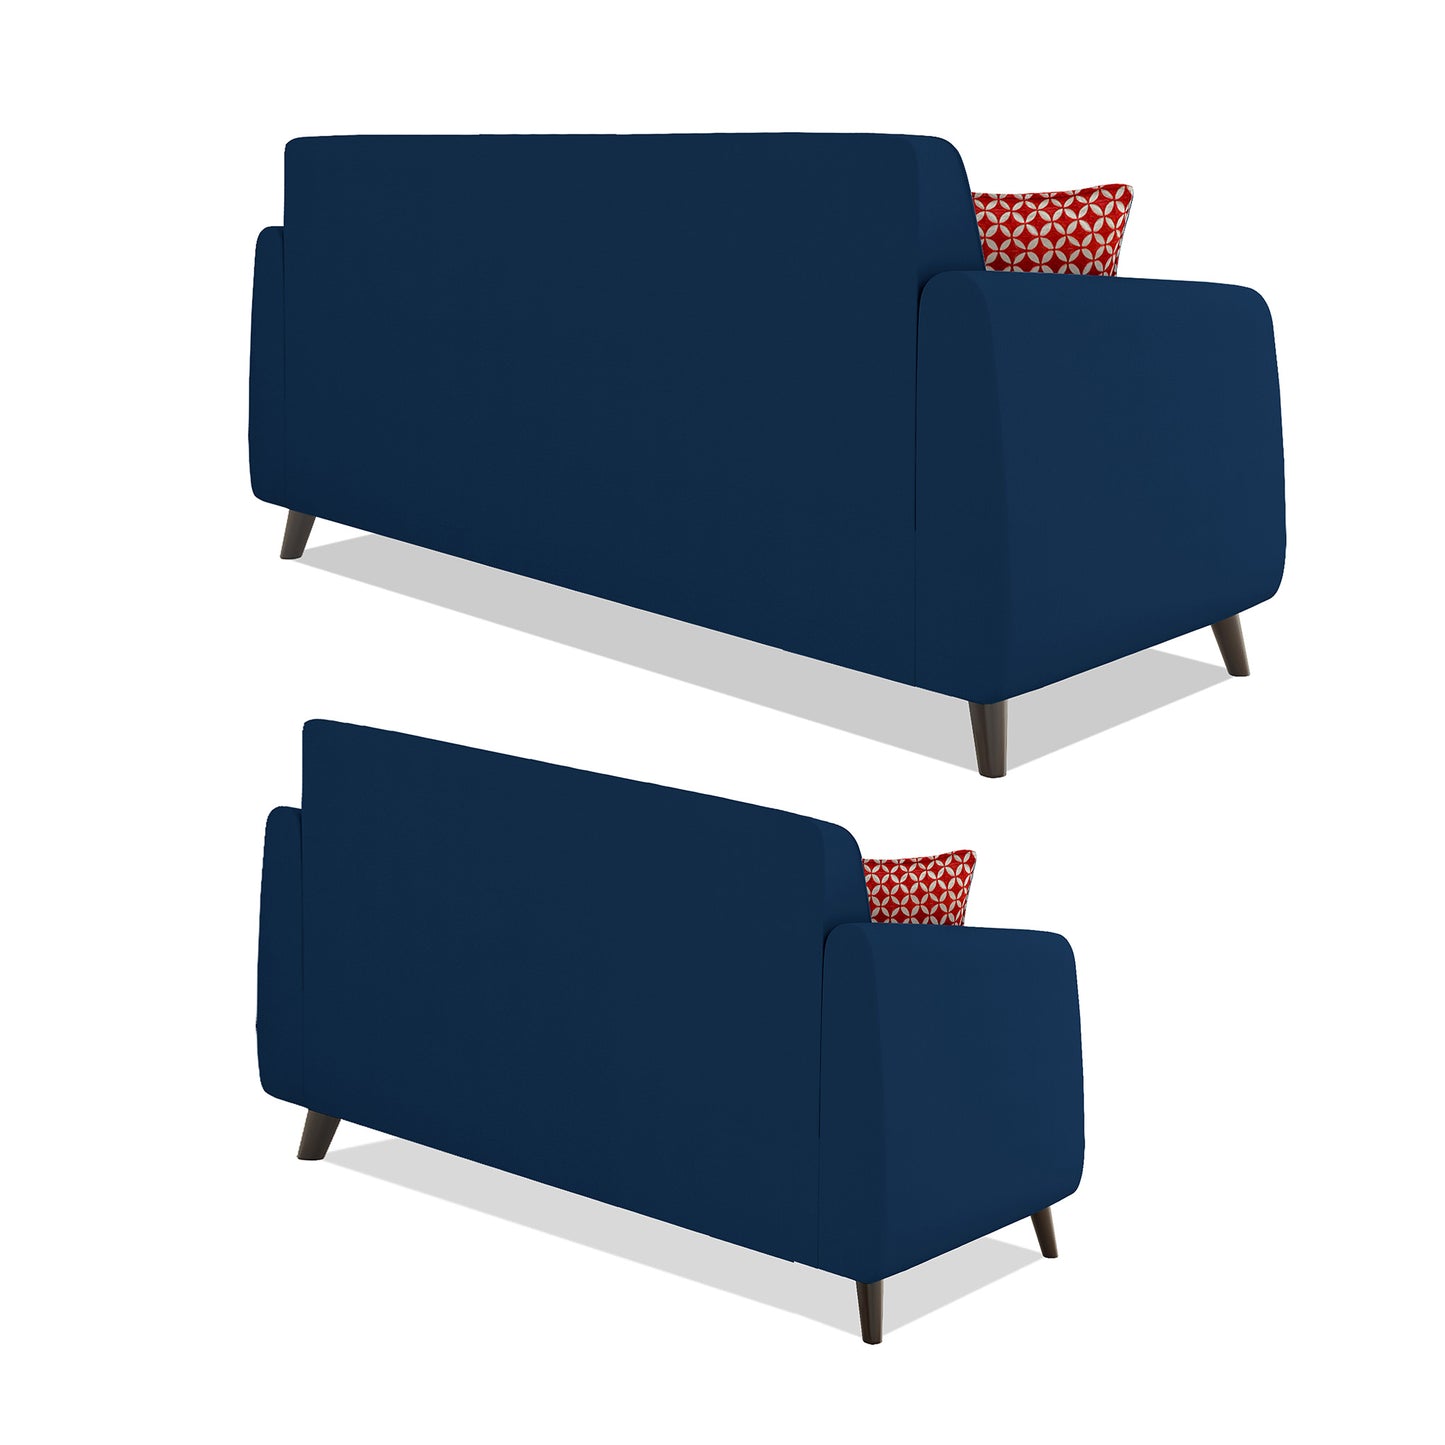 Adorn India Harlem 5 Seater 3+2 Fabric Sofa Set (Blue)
* * *
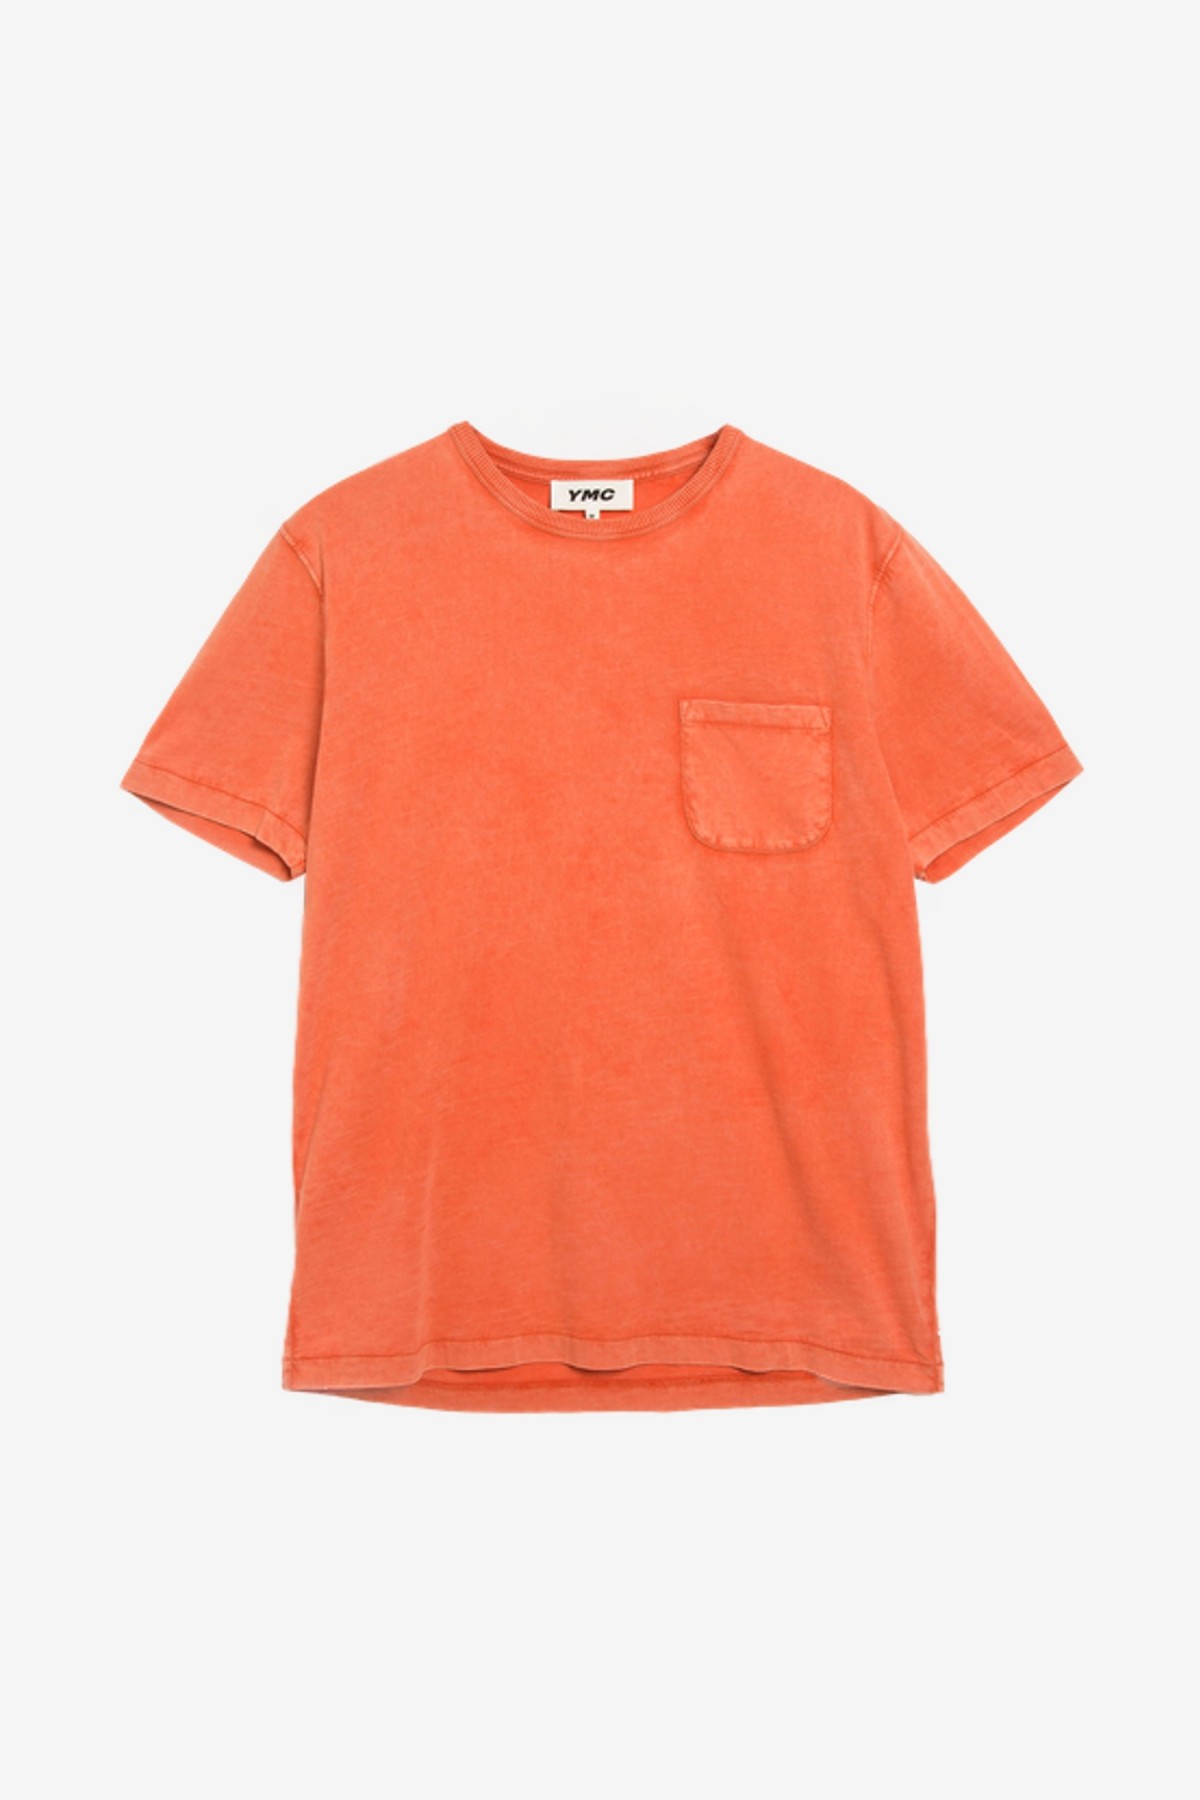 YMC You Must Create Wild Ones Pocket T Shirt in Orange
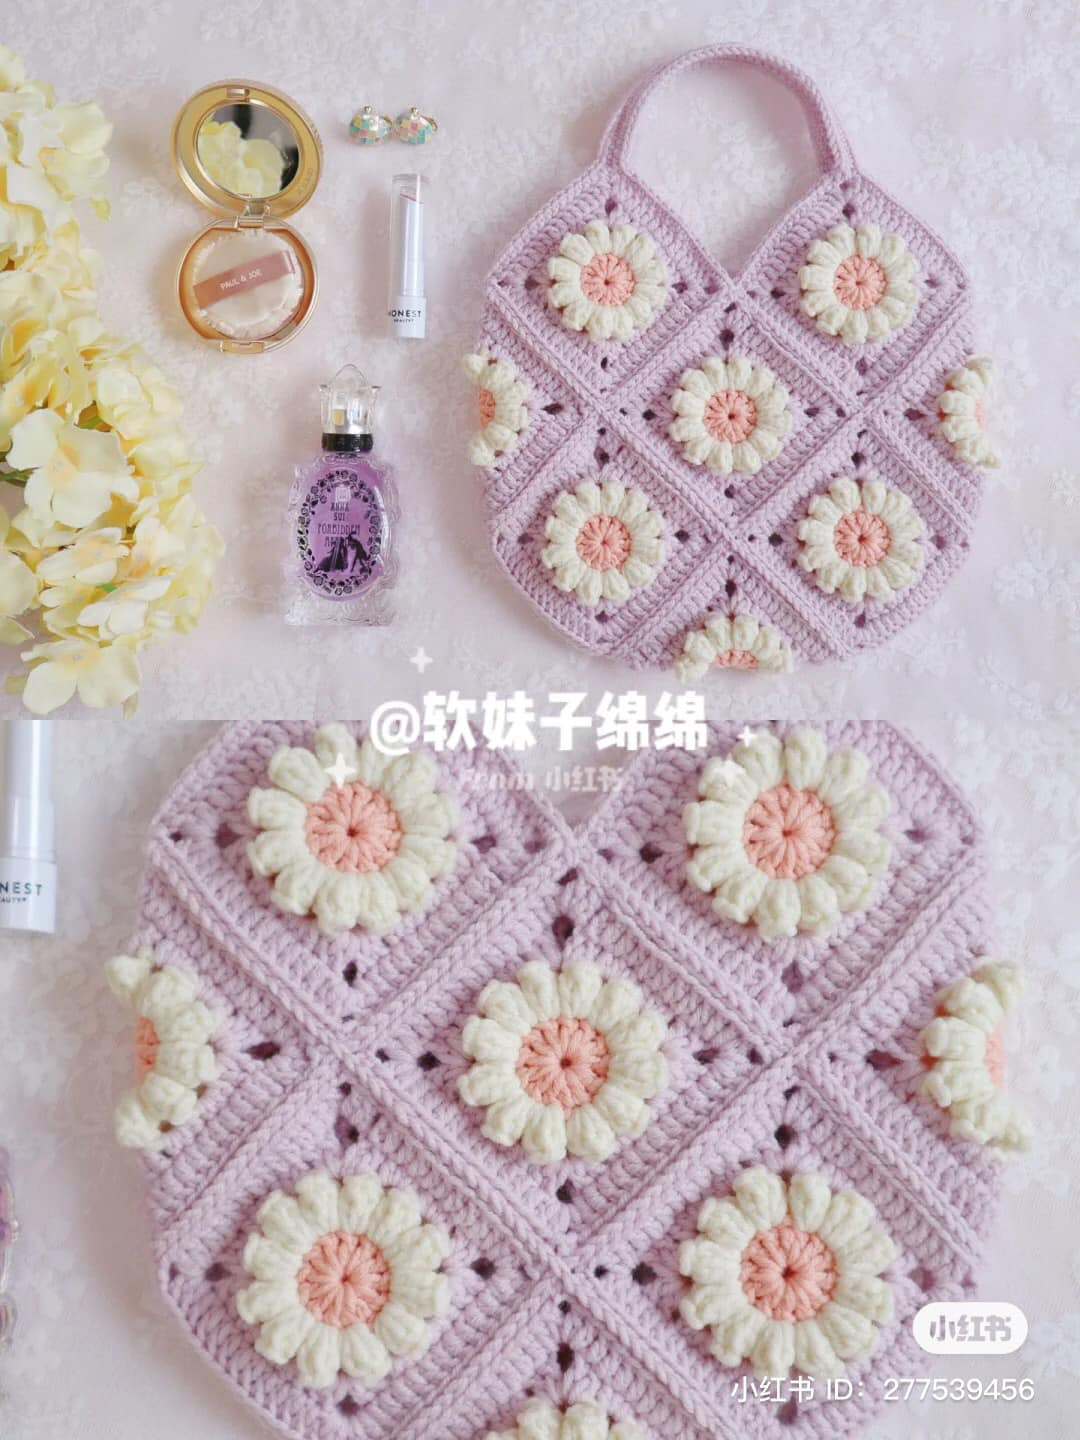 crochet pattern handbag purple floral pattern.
--
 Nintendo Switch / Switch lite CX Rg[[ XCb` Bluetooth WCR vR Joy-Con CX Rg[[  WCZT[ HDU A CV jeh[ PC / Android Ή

▶ _What you are asked to do_
Within the listing above, extract exactly the lines that run from the one containing "YMC You Must" through the one containing "crochet pattern handbag", excluding any pictures.

▶ _Exercise output_
 YMC You Must Create Wild Ones Pocket T Shirt in Orange
 crochet pattern handbag purple floral pattern.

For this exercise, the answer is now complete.